= Directions =
Using the records below, write out only the lines from the line containing "Countryside Pet Estates" up to and including the line containing "Circle of Rogier", exactly, with no pictures.

= Records for processing =
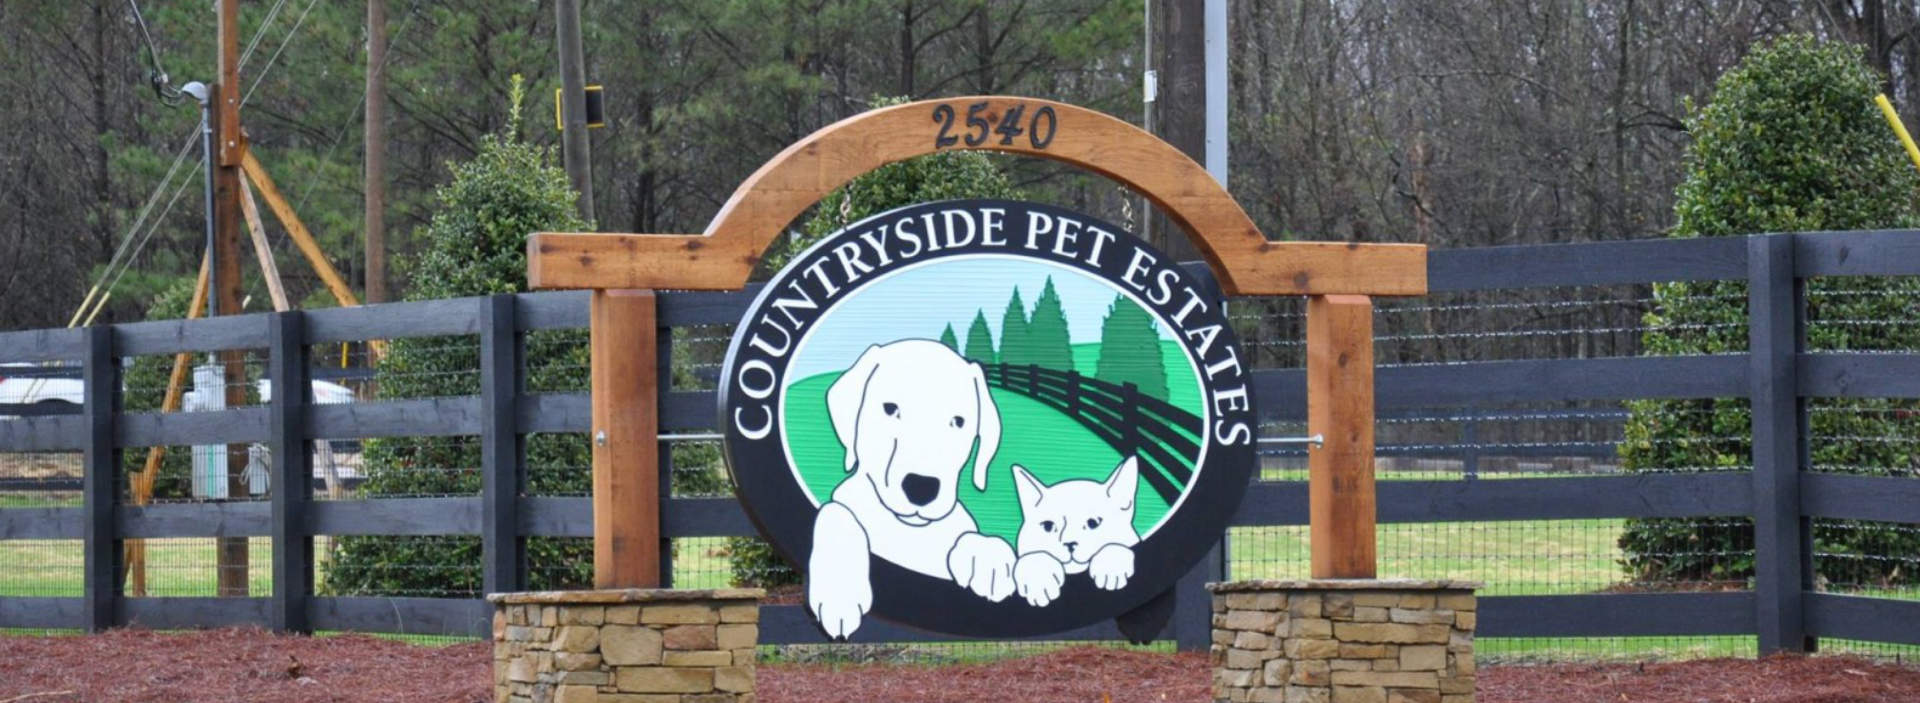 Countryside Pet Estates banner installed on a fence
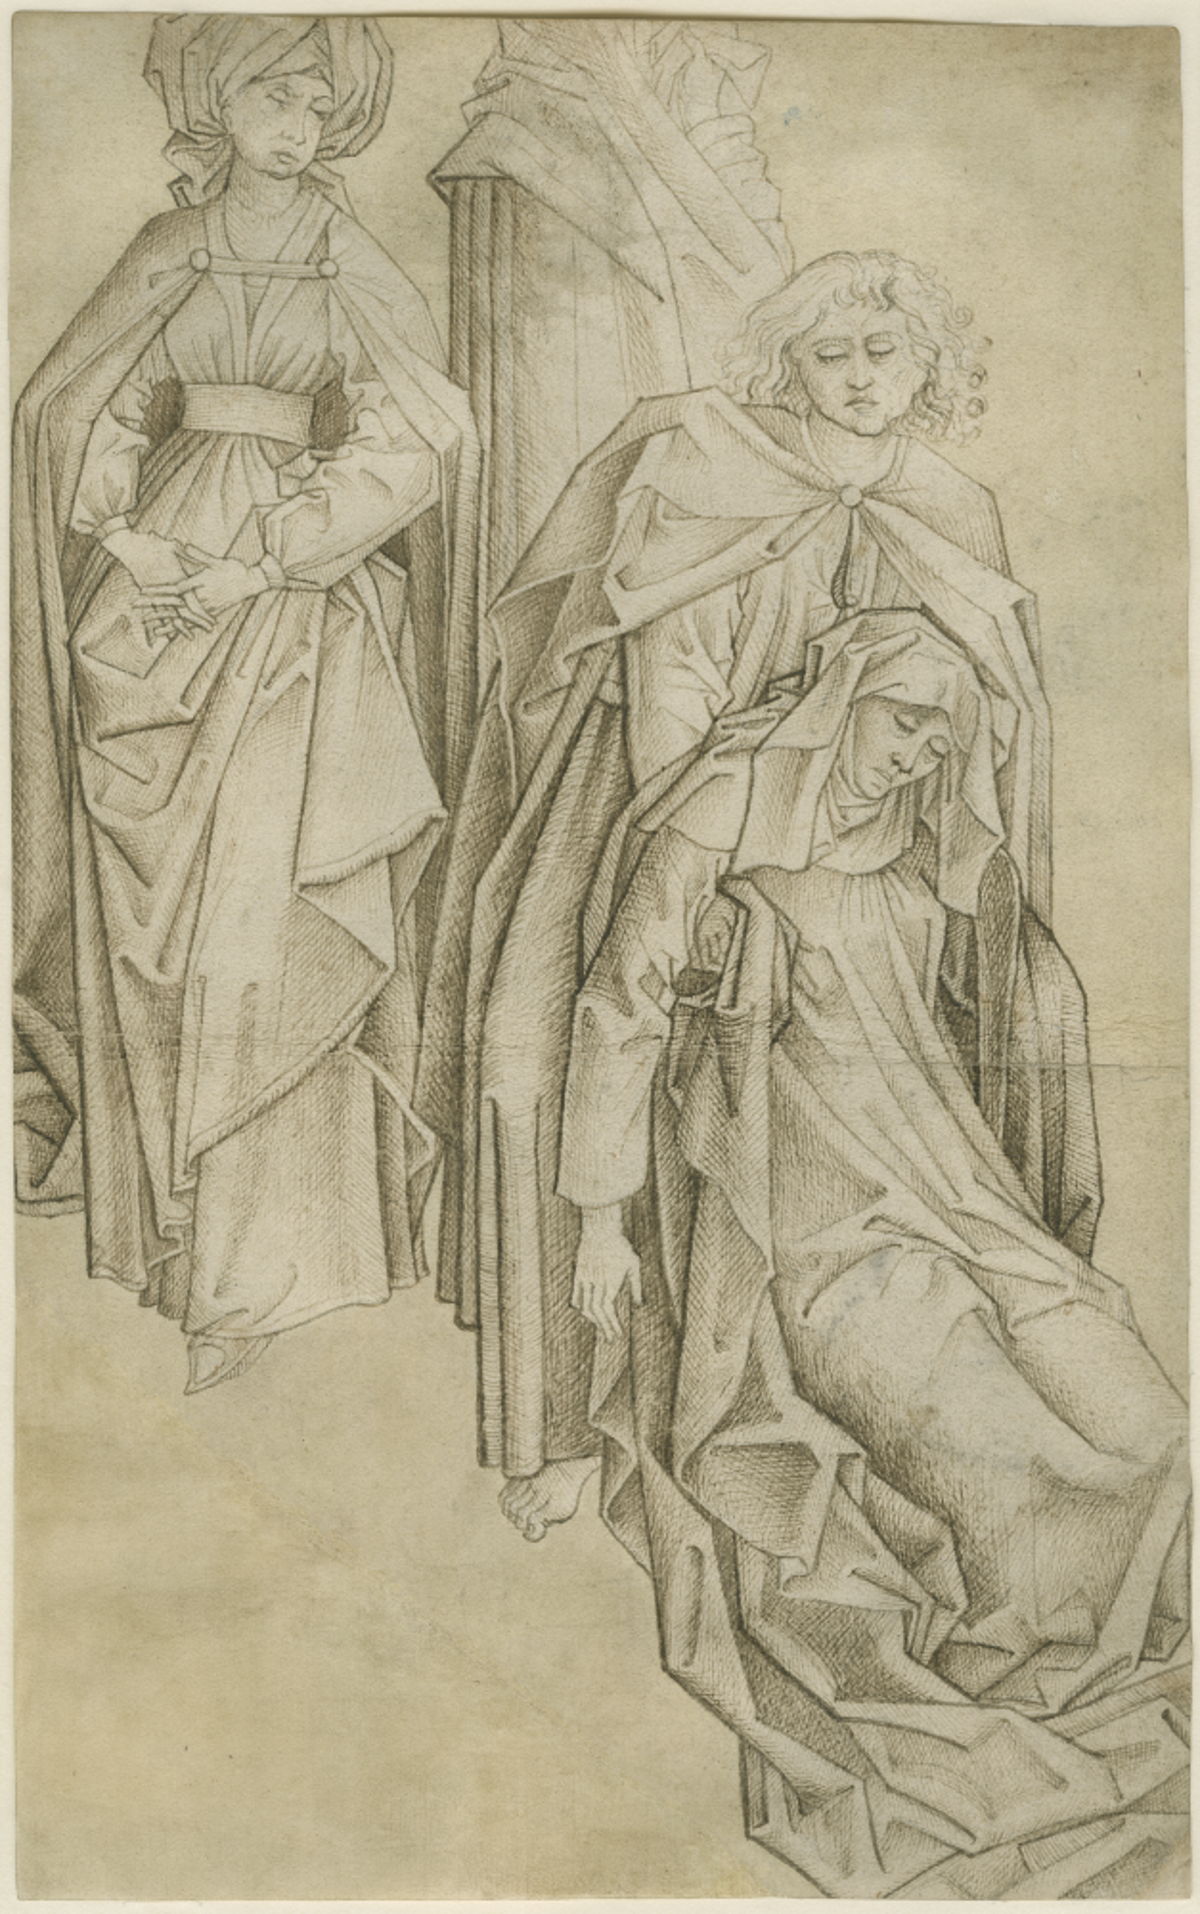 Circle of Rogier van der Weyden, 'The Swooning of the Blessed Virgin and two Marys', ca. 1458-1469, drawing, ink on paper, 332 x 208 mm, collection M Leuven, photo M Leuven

...

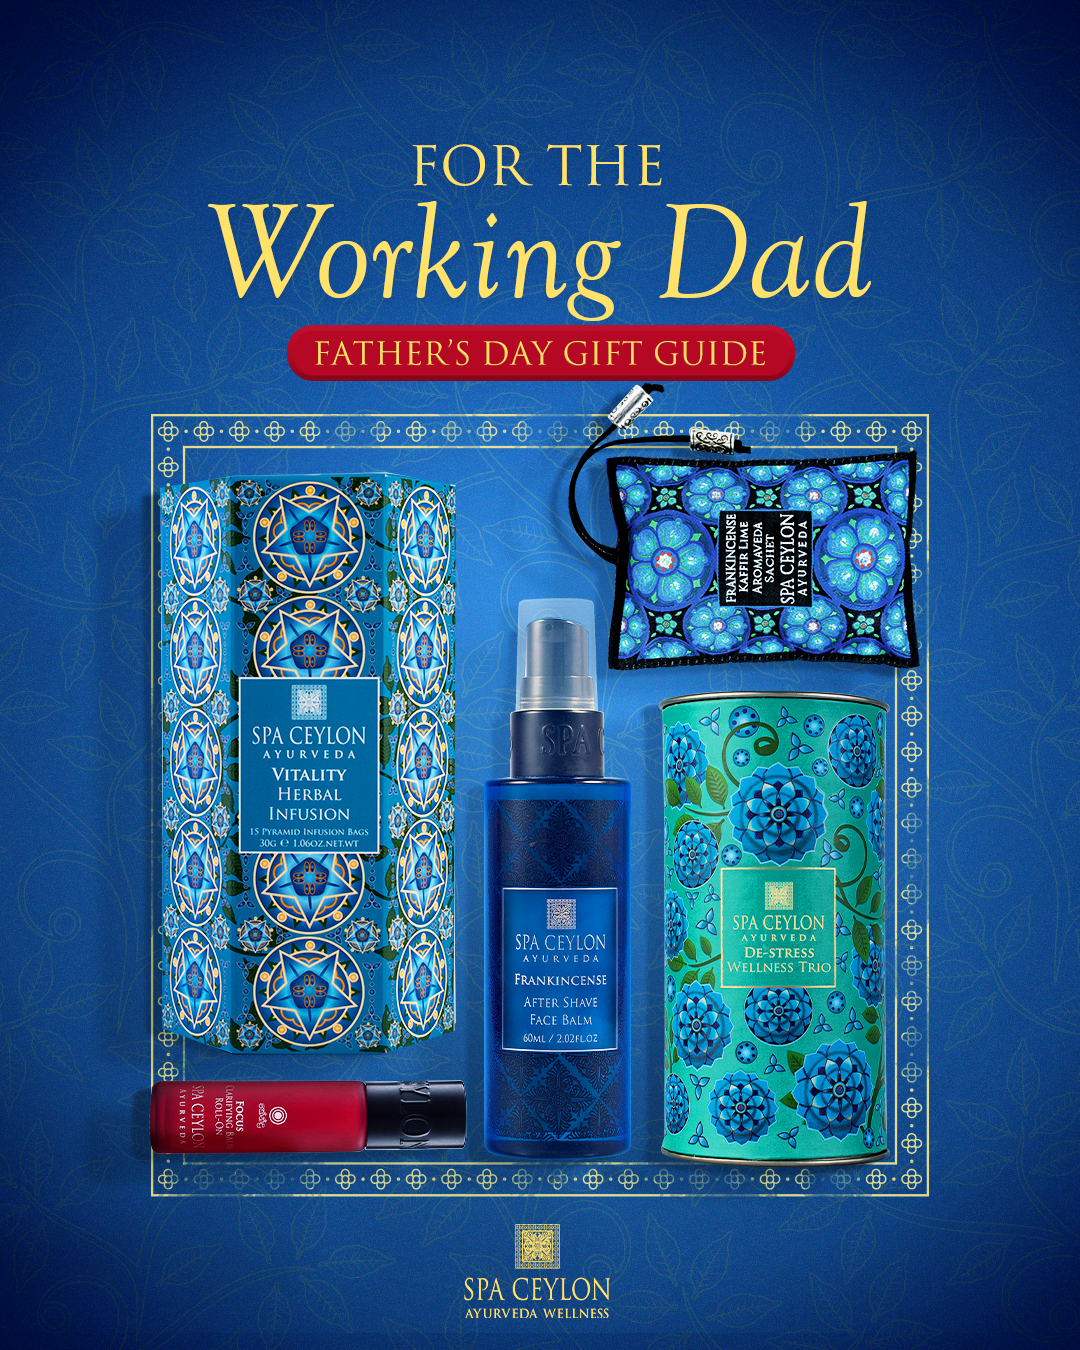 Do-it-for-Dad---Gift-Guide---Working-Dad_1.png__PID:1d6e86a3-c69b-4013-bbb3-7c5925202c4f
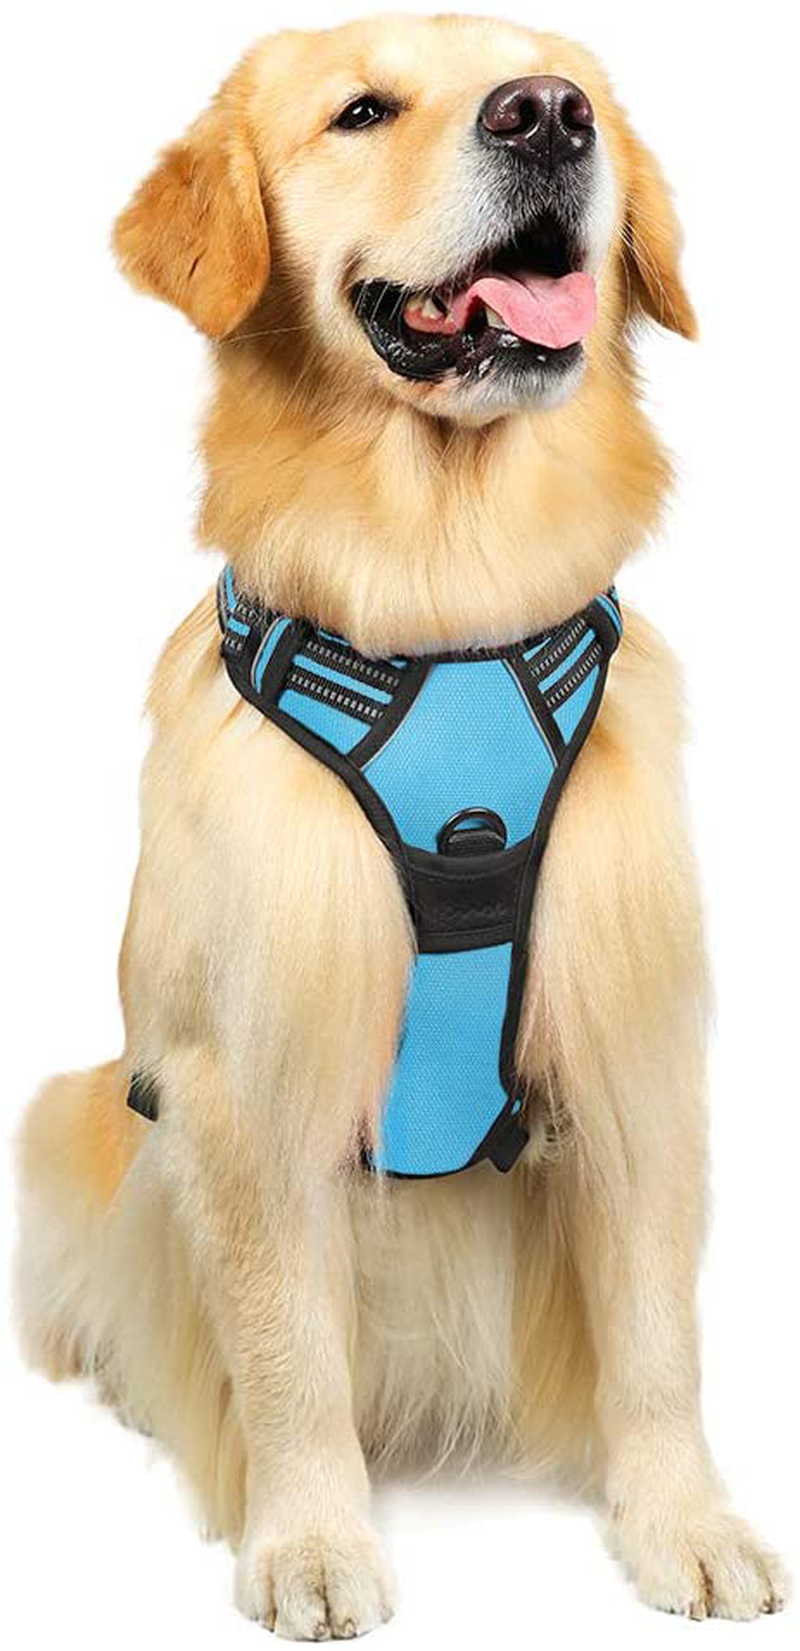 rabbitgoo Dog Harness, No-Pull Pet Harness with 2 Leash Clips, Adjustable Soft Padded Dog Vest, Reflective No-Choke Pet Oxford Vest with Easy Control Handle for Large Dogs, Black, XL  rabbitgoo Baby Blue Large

= Finished exercise =
 Countryside Pet Estates banner installed on a fence
 Circle of Rogier van der Weyden, 'The Swooning of the Blessed Virgin and two Marys', ca. 1458-1469, drawing, ink on paper, 332 x 208 mm, collection M Leuven, photo M Leuven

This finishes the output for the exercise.